Corporate Governance Guidelines

We have adopted Corporate Governance Guidelines (the “Corporate Governance Guidelines”) in compliance with the corporate governance rules of the NYSE. The Corporate Governance Guidelines provide a flexible framework within which the Board and its committees operate. The Corporate Governance Guidelines cover, among other things, director qualification standards, responsibilities of directors, Board access to management and advisors, compensation of directors, Chief Executive Officer evaluation and succession planning. A copy of our Corporate Governance Guidelines is available on our website at http://icdrilling.investorroom.com/corporategovernance.

Related Person Transaction Policy

We have adopted a Related Person Transaction Policy (the “Related Person Transaction Policy”), which provides guidelines for the review and approval of certain transactions, arrangements or relationships involving the Company and any of our directors (or nominees for director), executive officers, stockholder owing more than 5% of the Company and any immediate family members of any such person. As a general matter, we discourage such “related person transactions” because they present a heightened risk of potential or actual conflicts of interest and may create the appearance that decisions are based on considerations other than the best interest of the Company and its stockholders. In addition, our Related Person Transaction Policy is designed to assist the Board in preparing the disclosure that SEC rules require to be included in the Company’s applicable filings under the Securities Act of 1933 (the “Securities Act”) and the Exchange Act. Please see “Certain Relationships and Related Party Transactions—Policies and Procedures for Identifying, Assessing and Approving Related Person Transactions” for additional information regarding our Related Person Transaction Policy. In addition to our Related Person Transaction Policy, which applies only to the persons enumerated above in specified circumstances, we have also adopted a Conflicts of Interest Policy, described in more detail below, that facilities the general review of possible conflicts of interest for all our employees and our directors.

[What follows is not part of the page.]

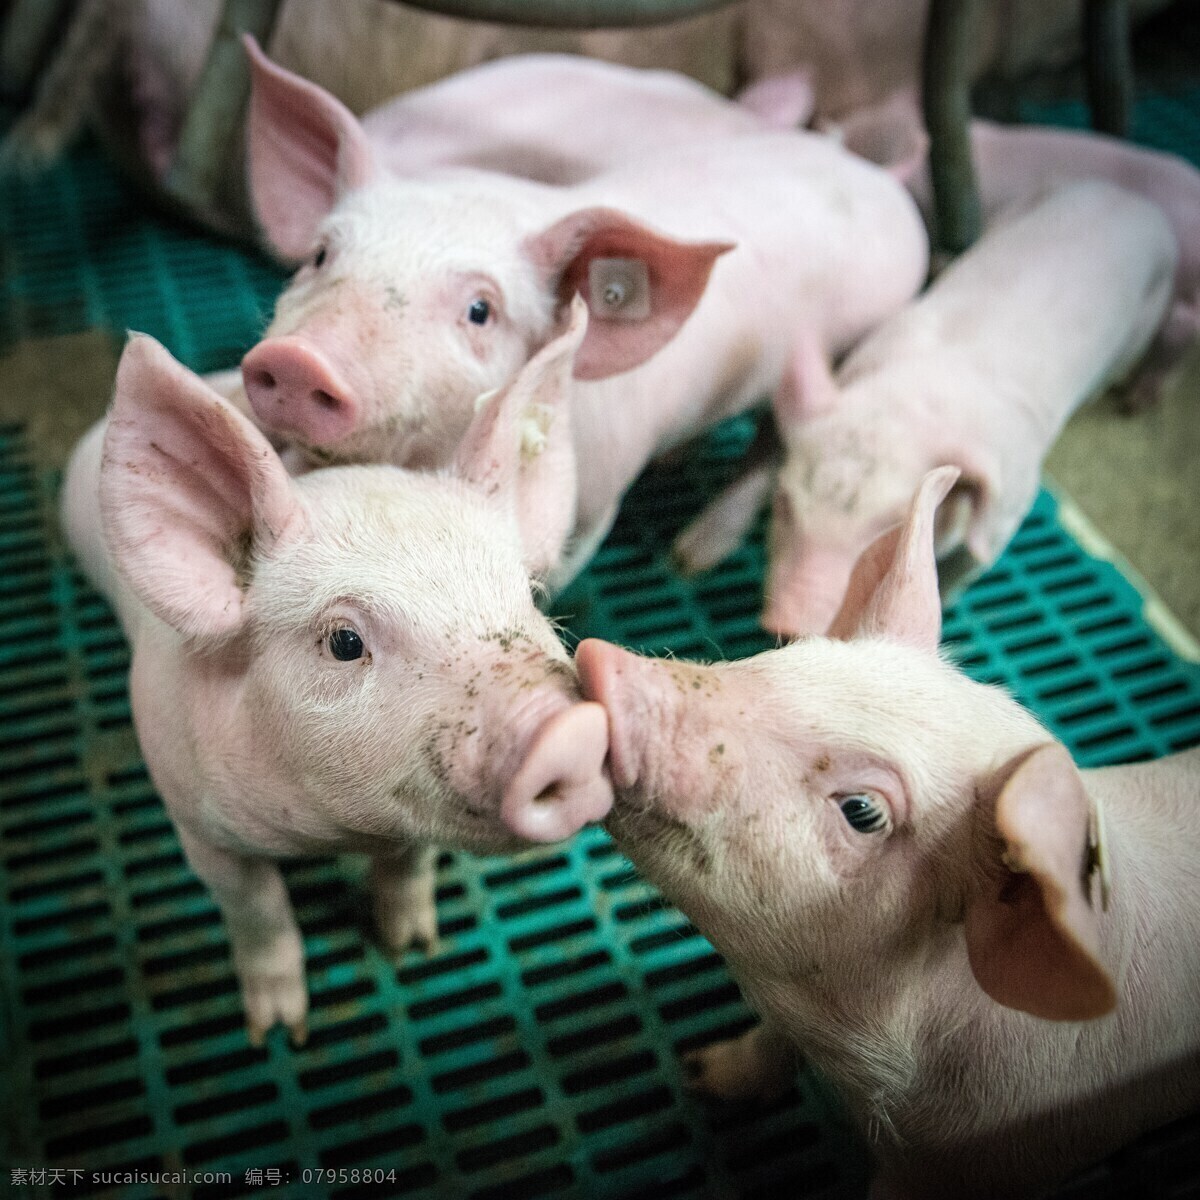 小猪 小猪的谷仓 失速 畜牧业 农场 农业 牲畜 动物 猪圈 养猪 养殖业 生物世界 家禽家畜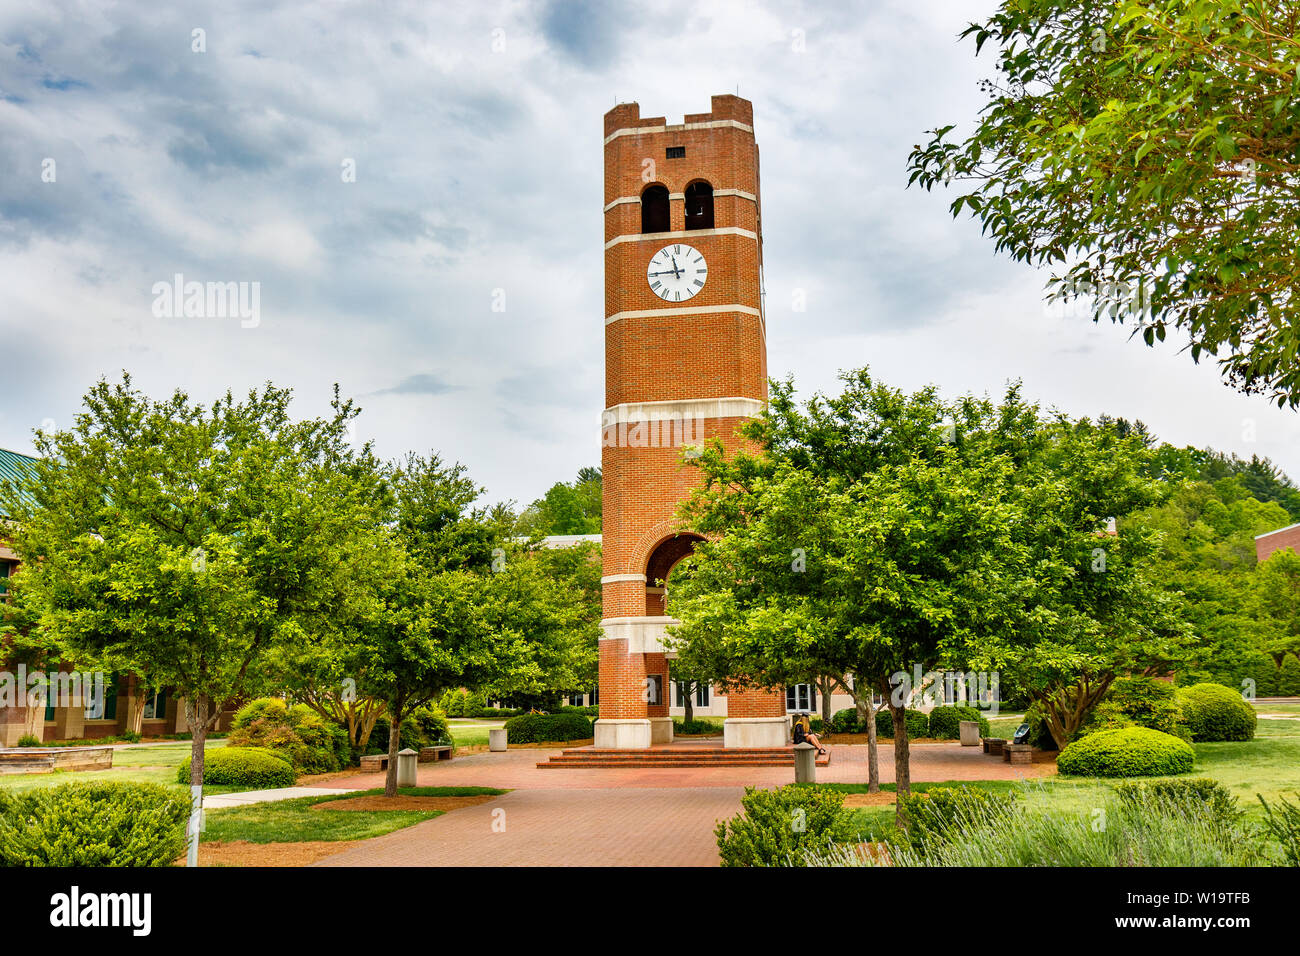 CULLOWHEE, NC, Stati Uniti d'America - 4 maggio: Alumni Tower il 4 maggio 2019 presso la Western Carolina Università in Cullowhee, North Carolina. Foto Stock

Conflicts of Interest Policy

We have adopted a Conflicts of Interest Policy (the “Conflicts of Interest Policy”), which provides guidelines and procedures regarding the timely and proper disclosure of possible conflicts of interest a Company employee or director may have in order to allow the Company to review each such possible conflict. Under our Conflicts of Interest Policy, a conflict arises when an individual’s private interest interferes in any way with the interests of the Company as a whole. Our Conflicts of Interest Policy is designed to prohibit directors, officers or other employees from engaging in any business or conduct or entering into any agreement or arrangement that would give rise to actual or potential conflicts of interest and provides guidance on how to report potential conflicts of interest. The Conflicts of Interest Policy supplements our Related Person Transaction Policy and each of our codes of ethics.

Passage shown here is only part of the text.